> _WHAT THE EXERCISE ASKS_
Leave the pictures out and repeat the rest of the data below exactly.

> _DATA BELOW_
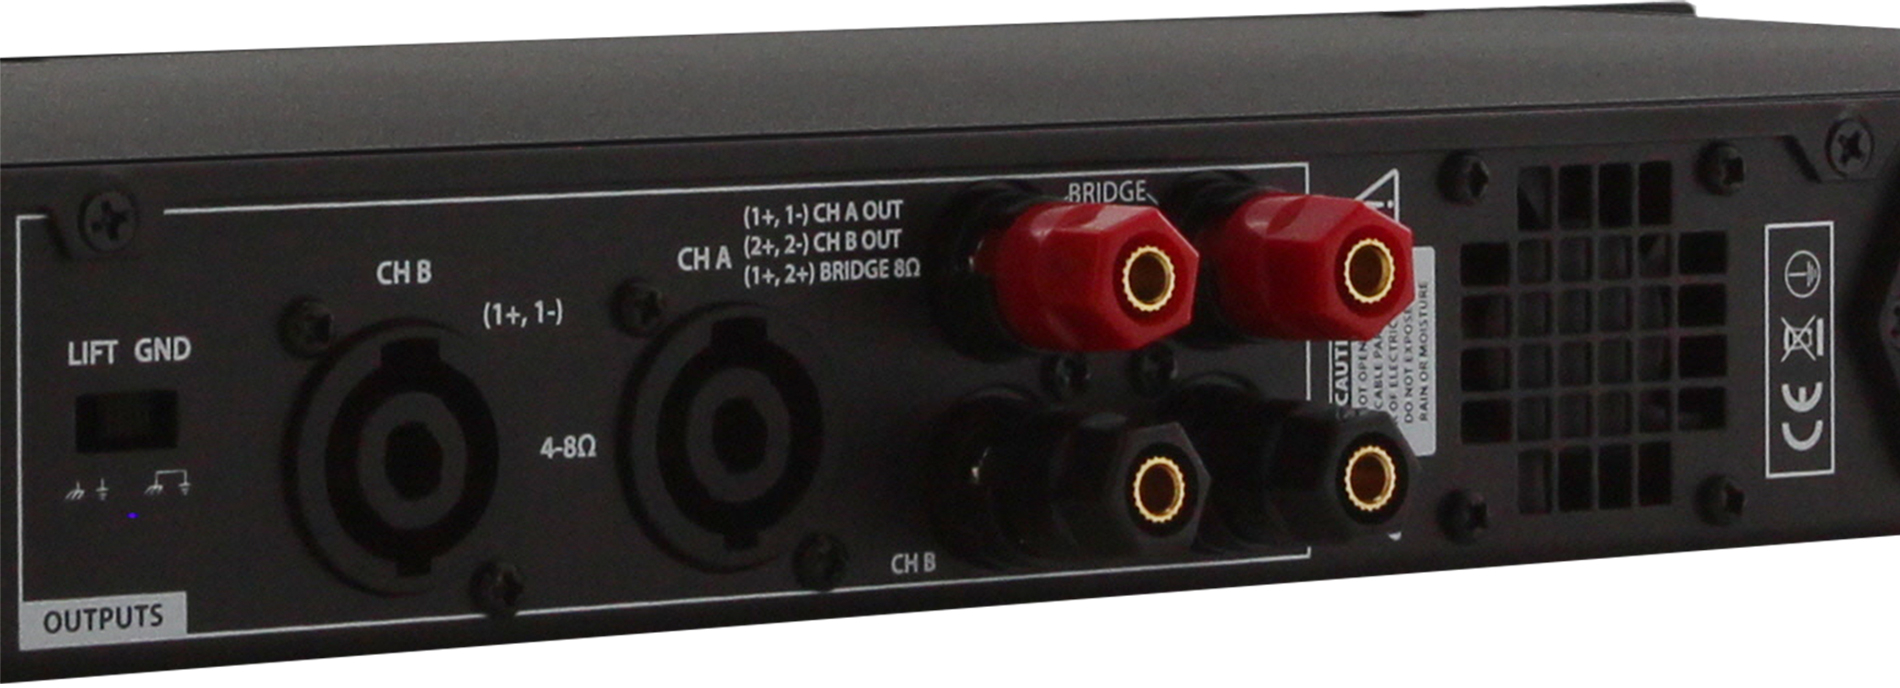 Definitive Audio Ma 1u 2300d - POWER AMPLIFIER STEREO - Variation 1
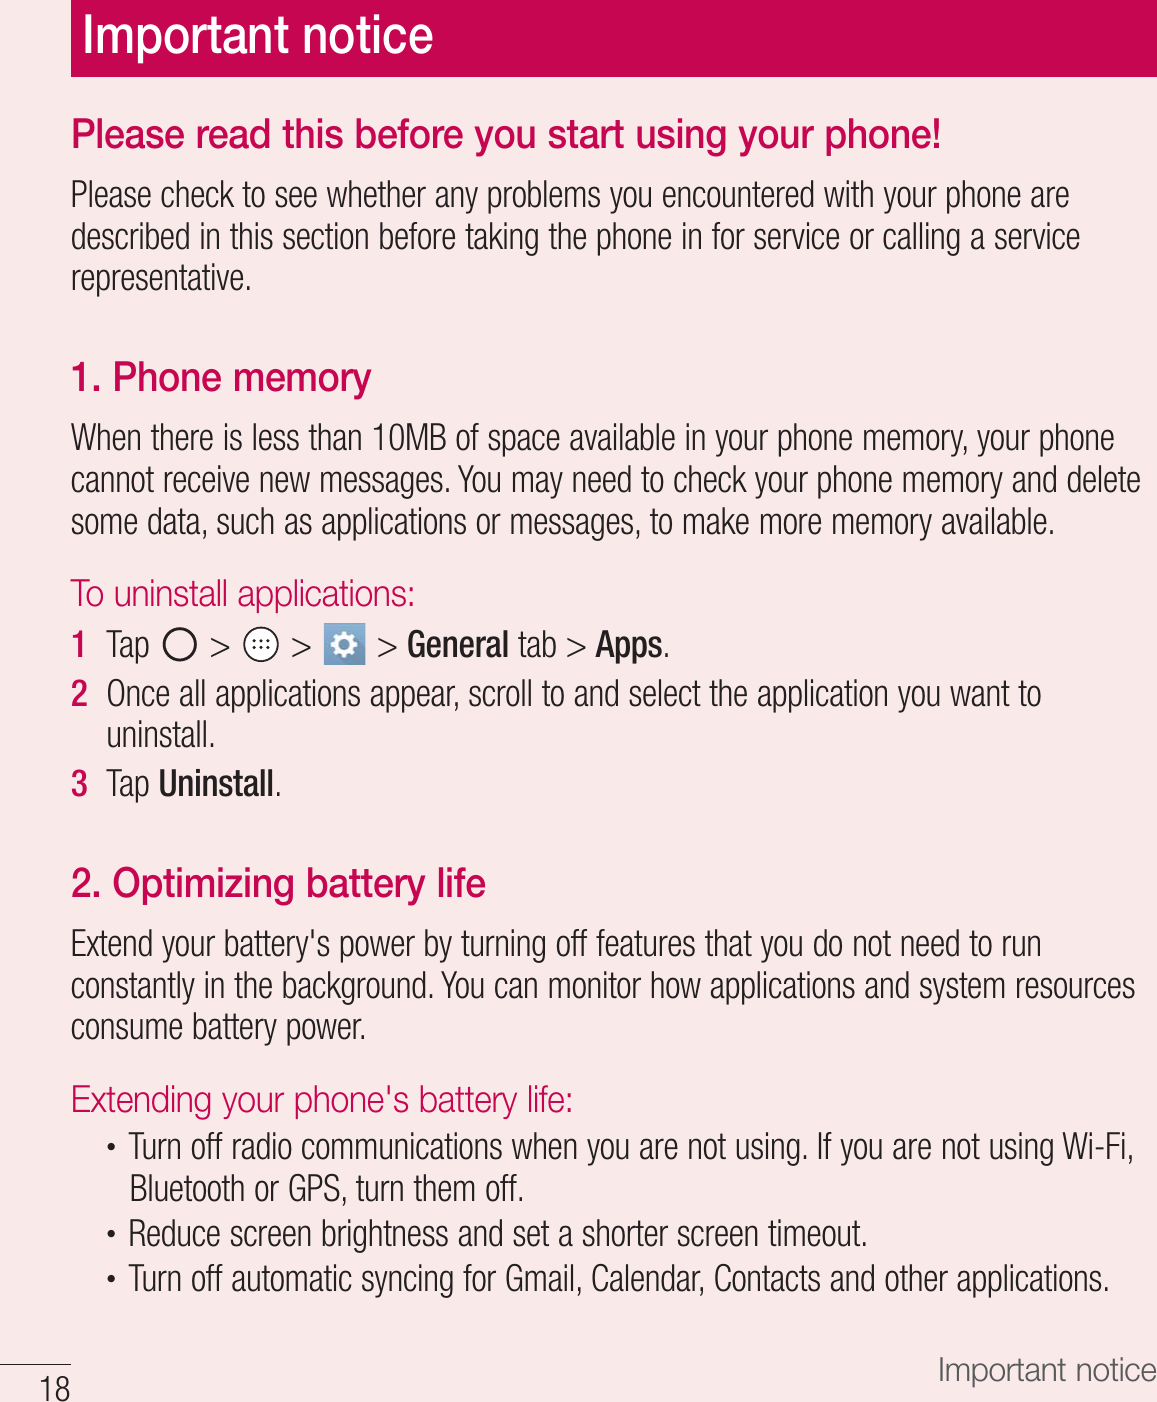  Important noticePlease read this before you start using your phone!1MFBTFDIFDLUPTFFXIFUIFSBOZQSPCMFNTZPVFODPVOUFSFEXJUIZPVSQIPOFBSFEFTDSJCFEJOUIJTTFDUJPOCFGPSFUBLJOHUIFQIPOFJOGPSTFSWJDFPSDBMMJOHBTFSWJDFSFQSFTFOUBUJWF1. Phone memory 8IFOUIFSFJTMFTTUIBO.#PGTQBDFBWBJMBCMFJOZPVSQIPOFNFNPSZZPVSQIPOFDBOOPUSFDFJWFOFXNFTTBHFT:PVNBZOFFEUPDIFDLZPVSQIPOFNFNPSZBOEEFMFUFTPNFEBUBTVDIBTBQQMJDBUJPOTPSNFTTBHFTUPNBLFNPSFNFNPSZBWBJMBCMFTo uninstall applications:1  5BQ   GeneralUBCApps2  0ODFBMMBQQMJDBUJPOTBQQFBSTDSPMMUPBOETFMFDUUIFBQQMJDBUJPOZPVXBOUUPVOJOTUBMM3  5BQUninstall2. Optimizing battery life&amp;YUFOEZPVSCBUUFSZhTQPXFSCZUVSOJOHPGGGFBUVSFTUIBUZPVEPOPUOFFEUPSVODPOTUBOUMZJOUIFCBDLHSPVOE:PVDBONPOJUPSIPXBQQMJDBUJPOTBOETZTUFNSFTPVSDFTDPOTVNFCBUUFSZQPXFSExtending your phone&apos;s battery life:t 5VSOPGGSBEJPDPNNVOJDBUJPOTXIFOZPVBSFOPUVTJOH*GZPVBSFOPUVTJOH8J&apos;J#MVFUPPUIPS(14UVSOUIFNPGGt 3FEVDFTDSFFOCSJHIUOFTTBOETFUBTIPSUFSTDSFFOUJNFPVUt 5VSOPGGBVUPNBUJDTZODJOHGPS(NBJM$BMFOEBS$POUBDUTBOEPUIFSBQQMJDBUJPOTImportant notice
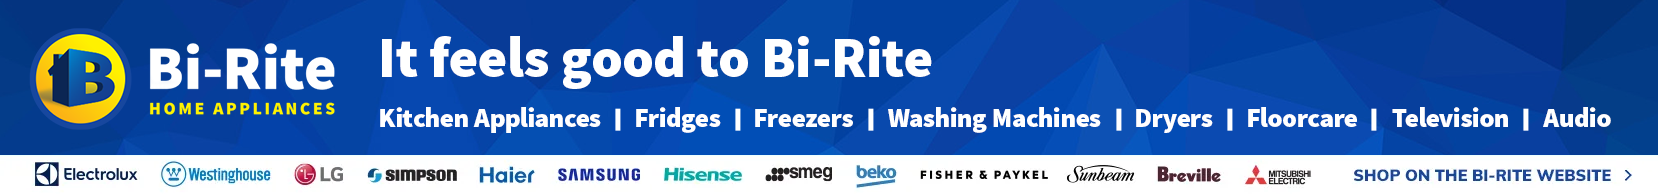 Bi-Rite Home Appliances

> _SOLUTION BELOW_
 Definitive Audio Ma 1u 2300d - POWER AMPLIFIER STEREO - Variation 1
  Important noticePlease read this before you start using your phone!1MFBTFDIFDLUPTFFXIFUIFSBOZQSPCMFNTZPVFODPVOUFSFEXJUIZPVSQIPOFBSFEFTDSJCFEJOUIJTTFDUJPOCFGPSFUBLJOHUIFQIPOFJOGPSTFSWJDFPSDBMMJOHBTFSWJDFSFQSFTFOUBUJWF1. Phone memory 8IFOUIFSFJTMFTTUIBO.#PGTQBDFBWBJMBCMFJOZPVSQIPOFNFNPSZZPVSQIPOFDBOOPUSFDFJWFOFXNFTTBHFT:PVNBZOFFEUPDIFDLZPVSQIPOFNFNPSZBOEEFMFUFTPNFEBUBTVDIBTBQQMJDBUJPOTPSNFTTBHFTUPNBLFNPSFNFNPSZBWBJMBCMFTo uninstall applications:1  5BQ   GeneralUBCApps2  0ODFBMMBQQMJDBUJPOTBQQFBSTDSPMMUPBOETFMFDUUIFBQQMJDBUJPOZPVXBOUUPVOJOTUBMM3  5BQUninstall2. Optimizing battery life&amp;YUFOEZPVSCBUUFSZhTQPXFSCZUVSOJOHPGGGFBUVSFTUIBUZPVEPOPUOFFEUPSVODPOTUBOUMZJOUIFCBDLHSPVOE:PVDBONPOJUPSIPXBQQMJDBUJPOTBOETZTUFNSFTPVSDFTDPOTVNFCBUUFSZQPXFSExtending your phone&apos;s battery life:t 5VSOPGGSBEJPDPNNVOJDBUJPOTXIFOZPVBSFOPUVTJOH*GZPVBSFOPUVTJOH8J&apos;J#MVFUPPUIPS(14UVSOUIFNPGGt 3FEVDFTDSFFOCSJHIUOFTTBOETFUBTIPSUFSTDSFFOUJNFPVUt 5VSOPGGBVUPNBUJDTZODJOHGPS(NBJM$BMFOEBS$POUBDUTBOEPUIFSBQQMJDBUJPOTImportant notice
 Bi-Rite Home Appliances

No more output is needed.